> [REQUIRED ACTION]:
All of the listing must be given again exactly, except that the images are dropped.

> [PROVIDED MATERIAL]:

────────────────

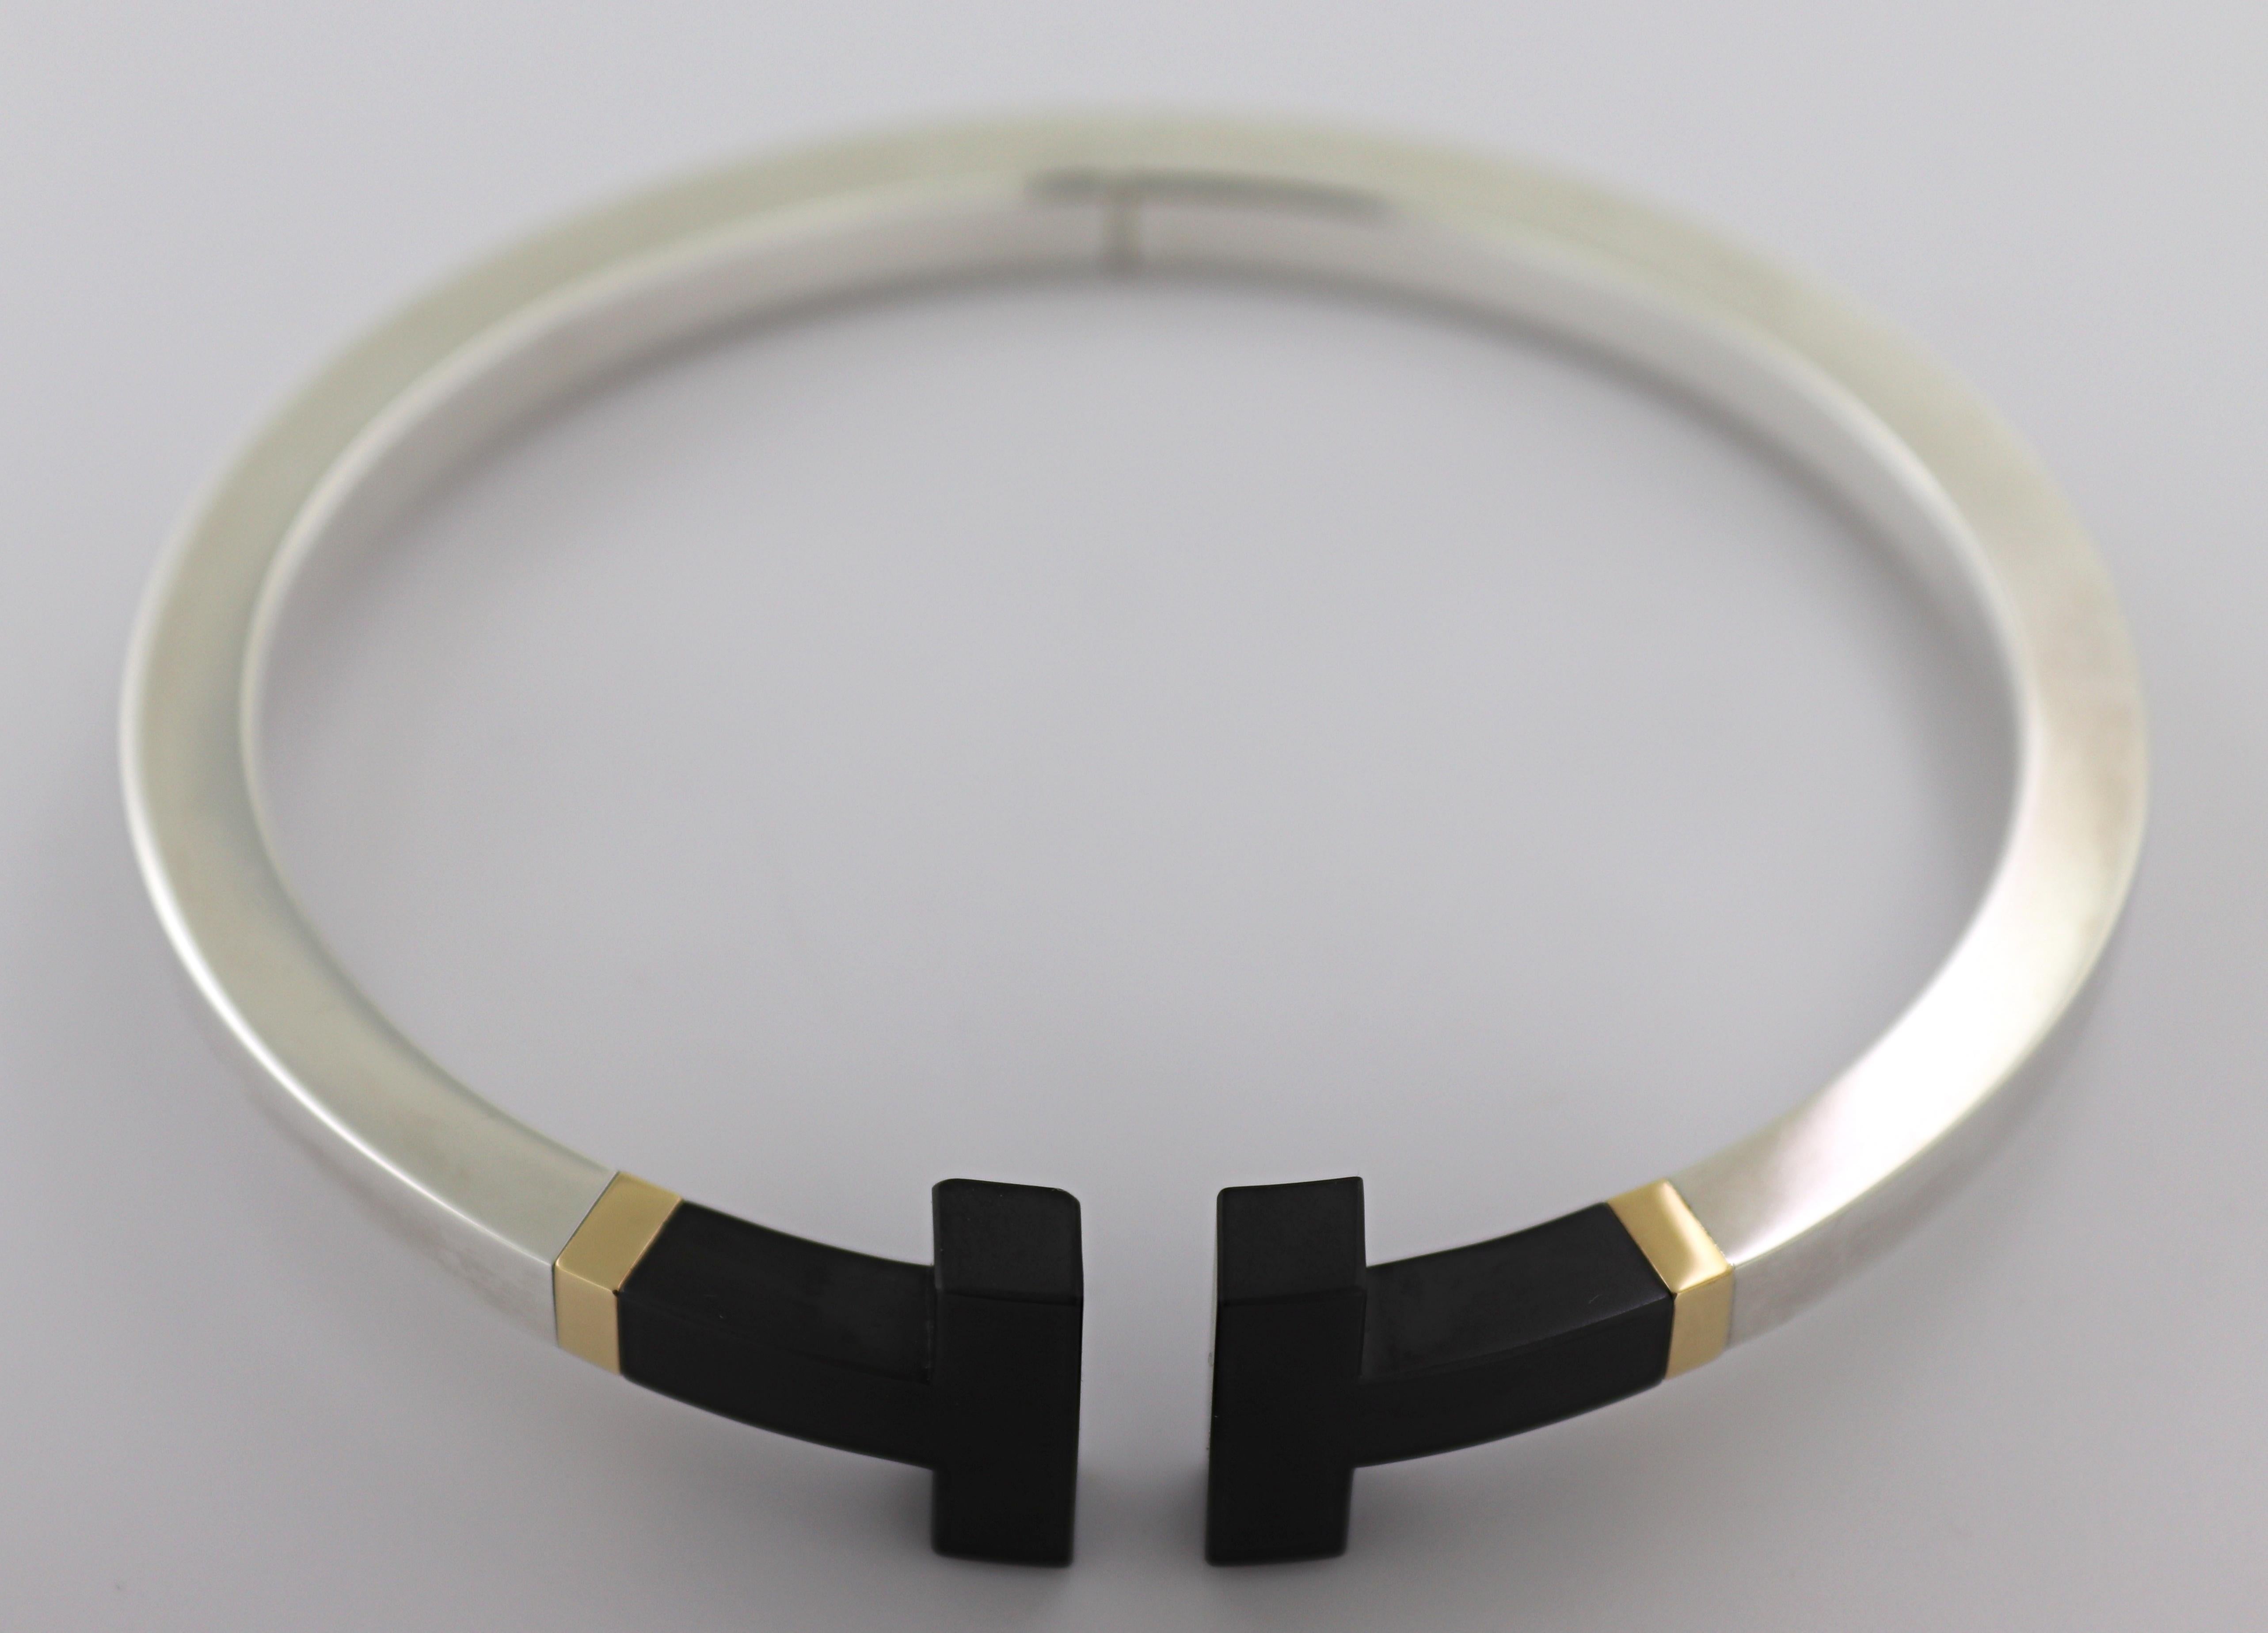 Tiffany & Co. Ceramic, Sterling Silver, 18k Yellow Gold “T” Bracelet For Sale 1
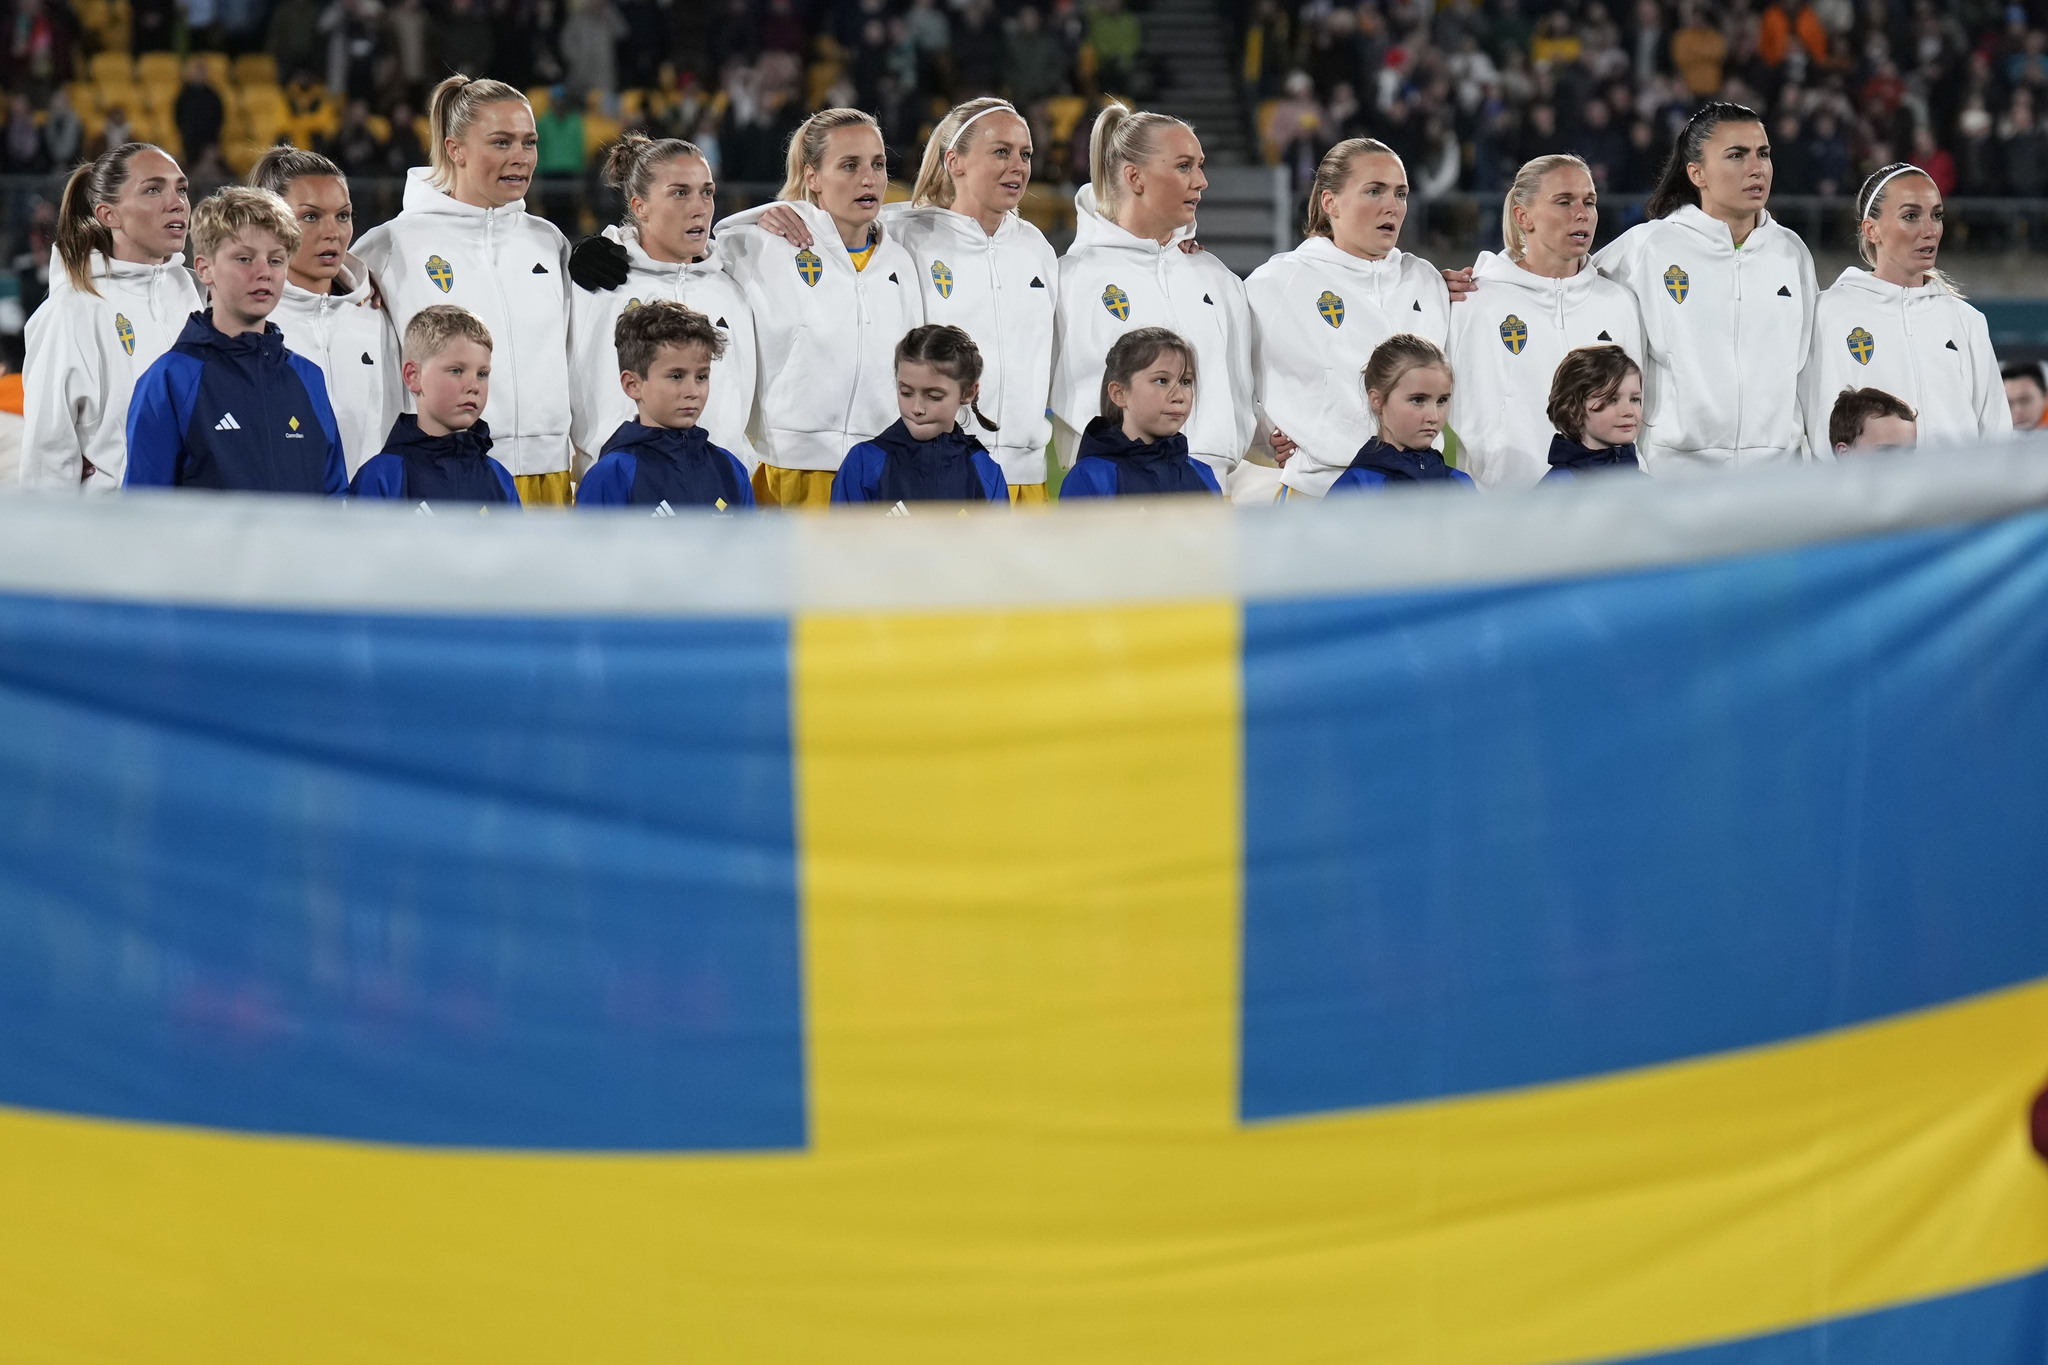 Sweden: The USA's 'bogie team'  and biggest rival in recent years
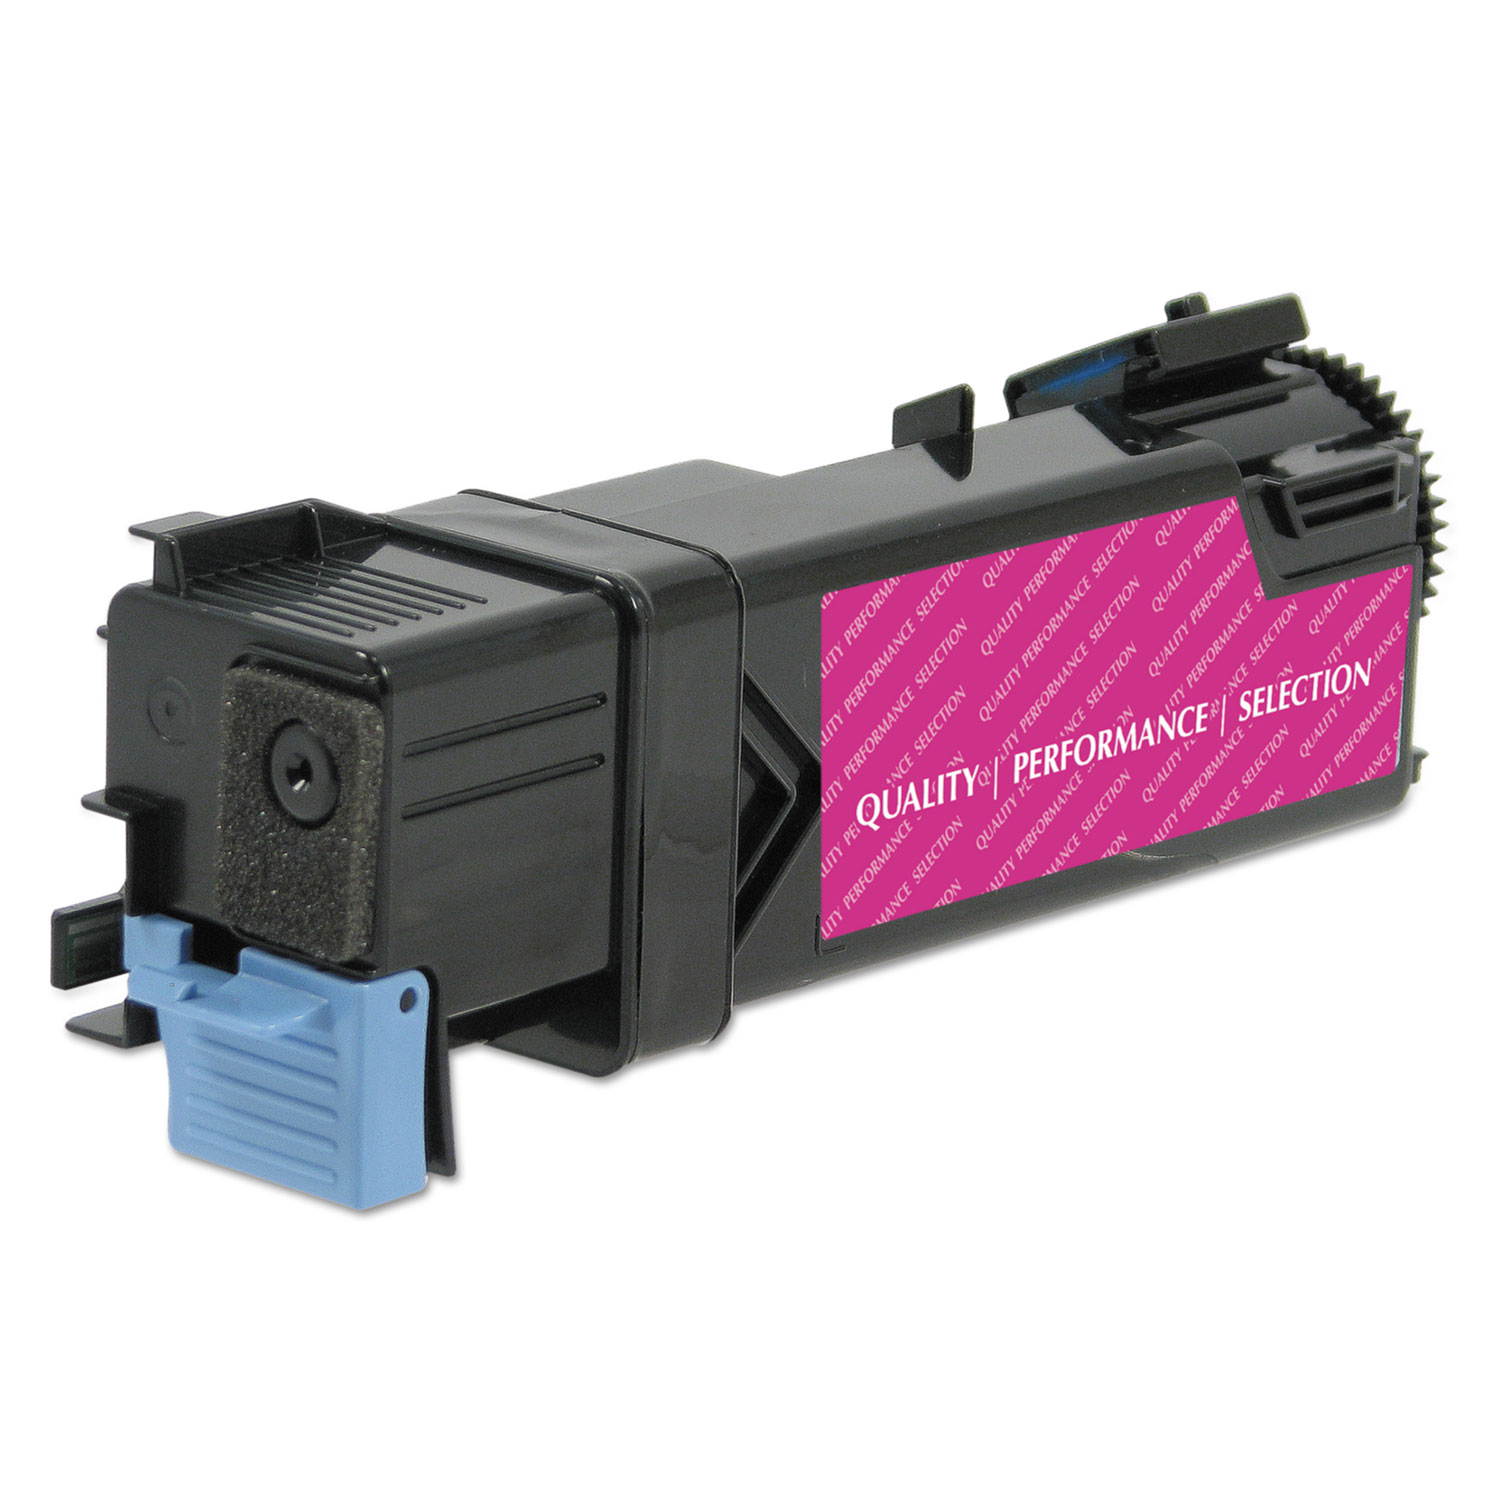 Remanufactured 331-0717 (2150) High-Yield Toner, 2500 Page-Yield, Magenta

────────────────

> [ANSWER TO THE EXERCISE]:
 Tiffany & Co. Ceramic, Sterling Silver, 18k Yellow Gold “T” Bracelet For Sale 1
 Sweden: The USA's 'bogie team'  and biggest rival in recent years
 Remanufactured 331-0717 (2150) High-Yield Toner, 2500 Page-Yield, Magenta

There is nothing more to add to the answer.